It's interesting to me that his acute paranoia stems from the JFKA to the point he has to be institutionalized.

Who was he paranoid about.  Were his fears justified or irrational?  Was he being imprisoned to shut him up?

Weitzman claims that he had to chase a couple Cubans out of his house at gunpoint. Sounds similar to some of the stuff that Roger Craig experienced. 

Beyond that, I can only speculate. Perhaps he was fearful because he testified that he ran to the grassy knoll because that is where the shots came from but the authorities were saying the shots came from the TSBD. Perhaps, too, he was fearful because he learned in 1964 when the WC report came out that what the authorities were saying about that day just didn't jibe with what he heard that day.
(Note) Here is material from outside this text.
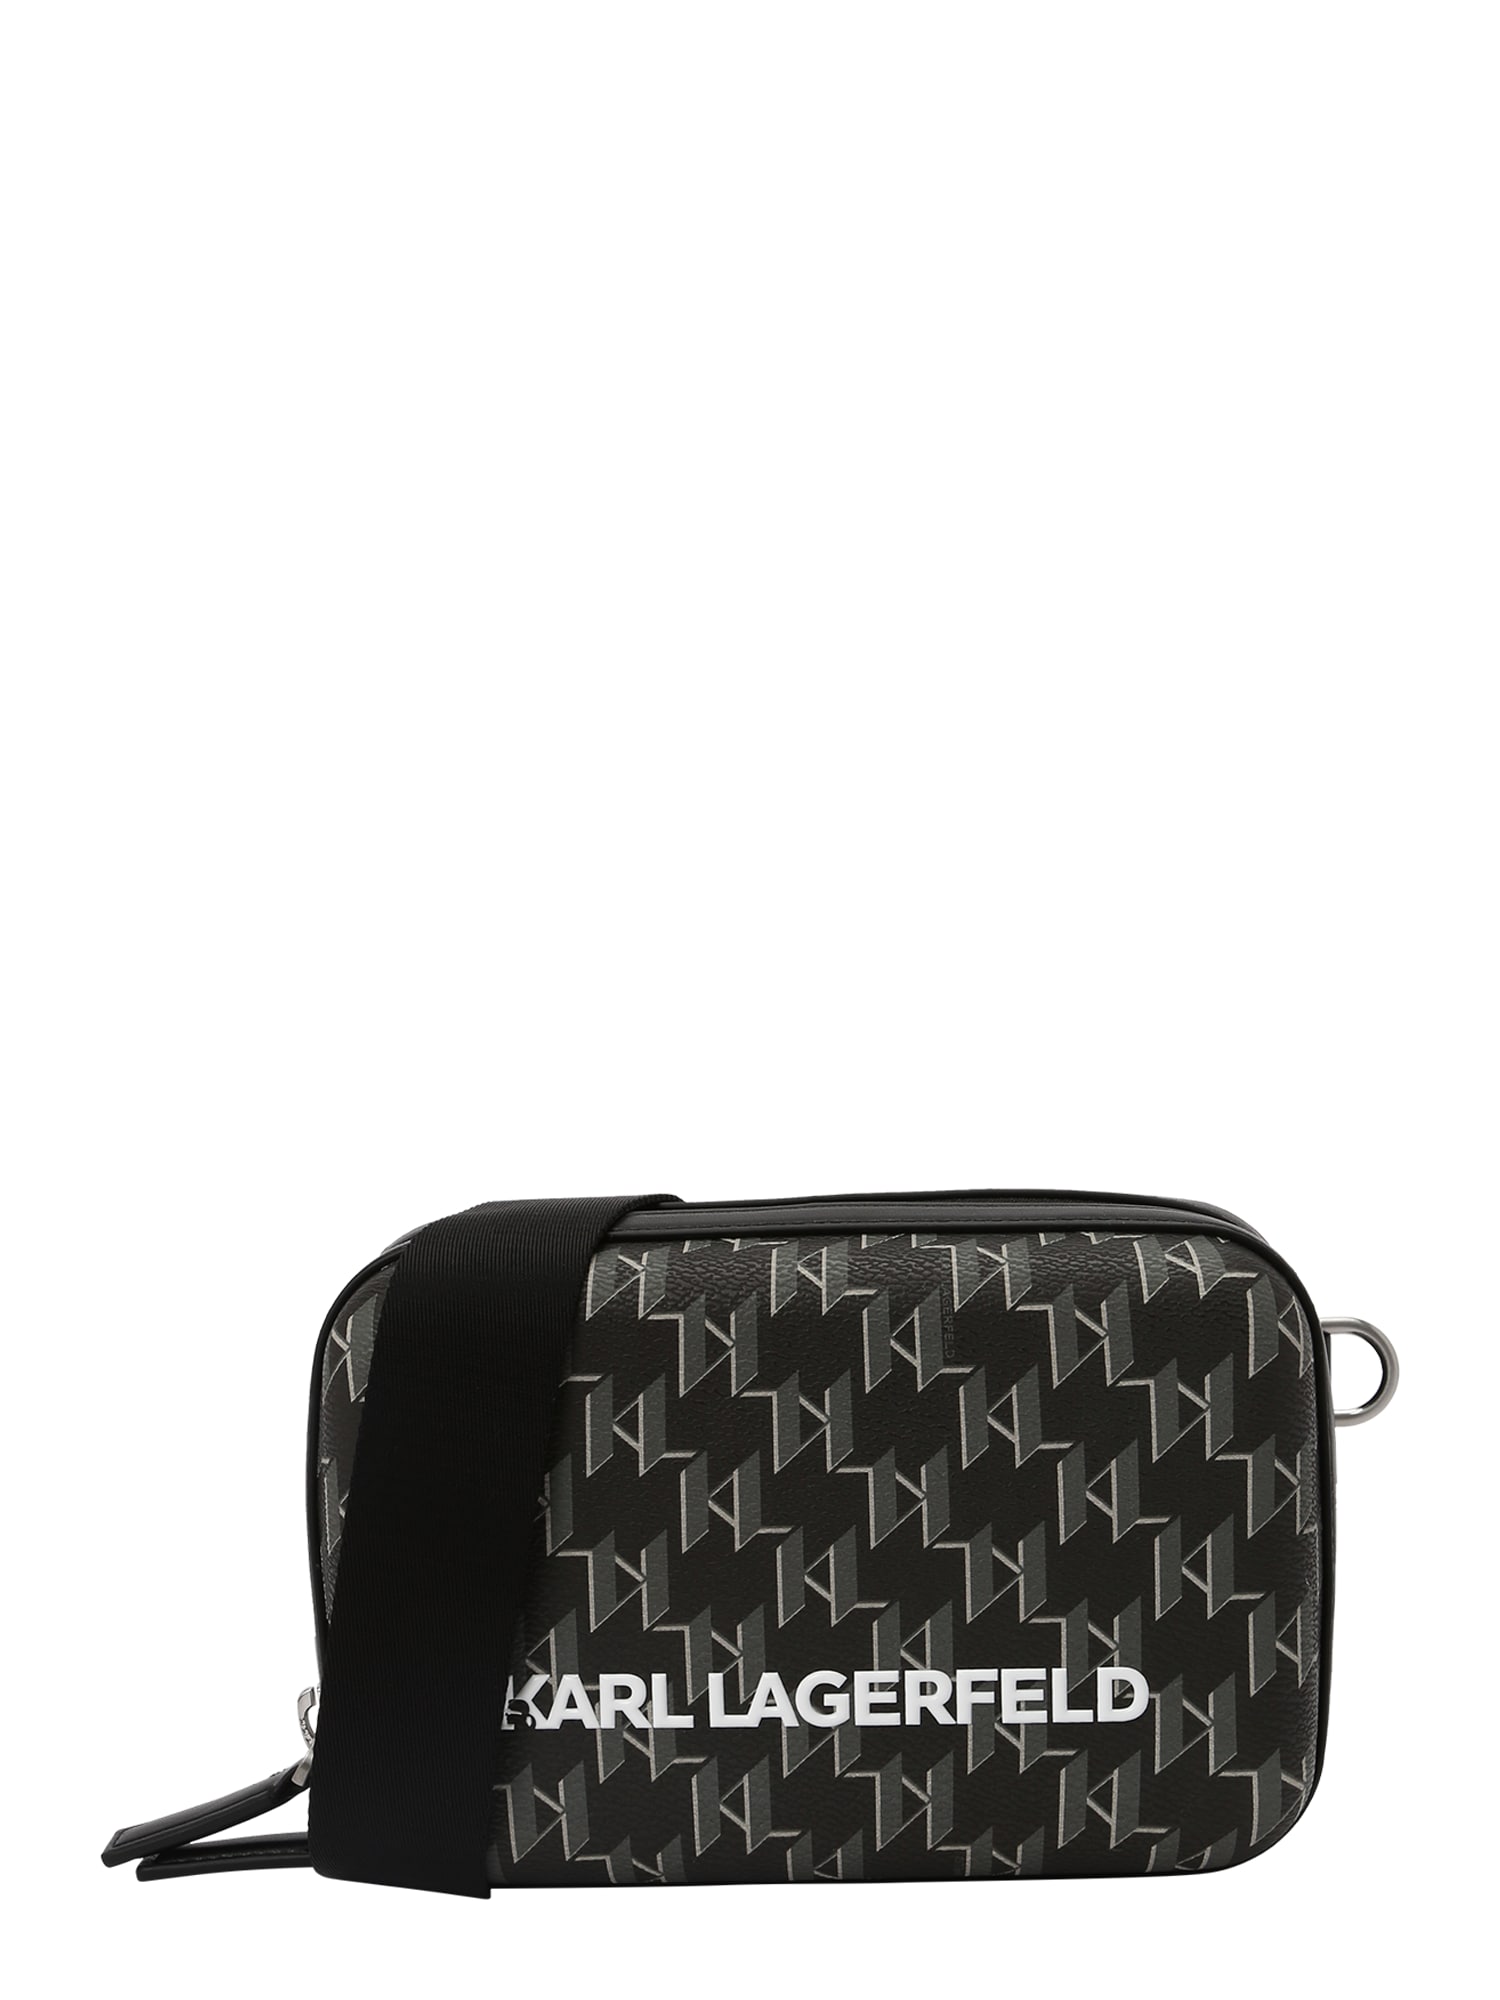 Karl Lagerfeld Geantă de umăr  gri închis / negru / alb

If I were a witness to an event and saw a few things that didn't jibe with the official story to such an extent that I realize the official story is in fact a lie, I would probably feel a little uneasy about it.

Perhaps, too, he DID observe a 7.65 Mauser with a 2.5x Weaver scope on it, and then watched as that turned into a 6.5 Manlicher-Carcano with a 4x scope. If THIS is the truth, he would find himself in an episode of the Twilight Zone--he would absolutely have reason to be fearful if he knew for a fact the weapon found was a Mauser, he writes out an affidavit that says that, and then he watches as that changes, informing him pretty much immediately that there was a conspiracy.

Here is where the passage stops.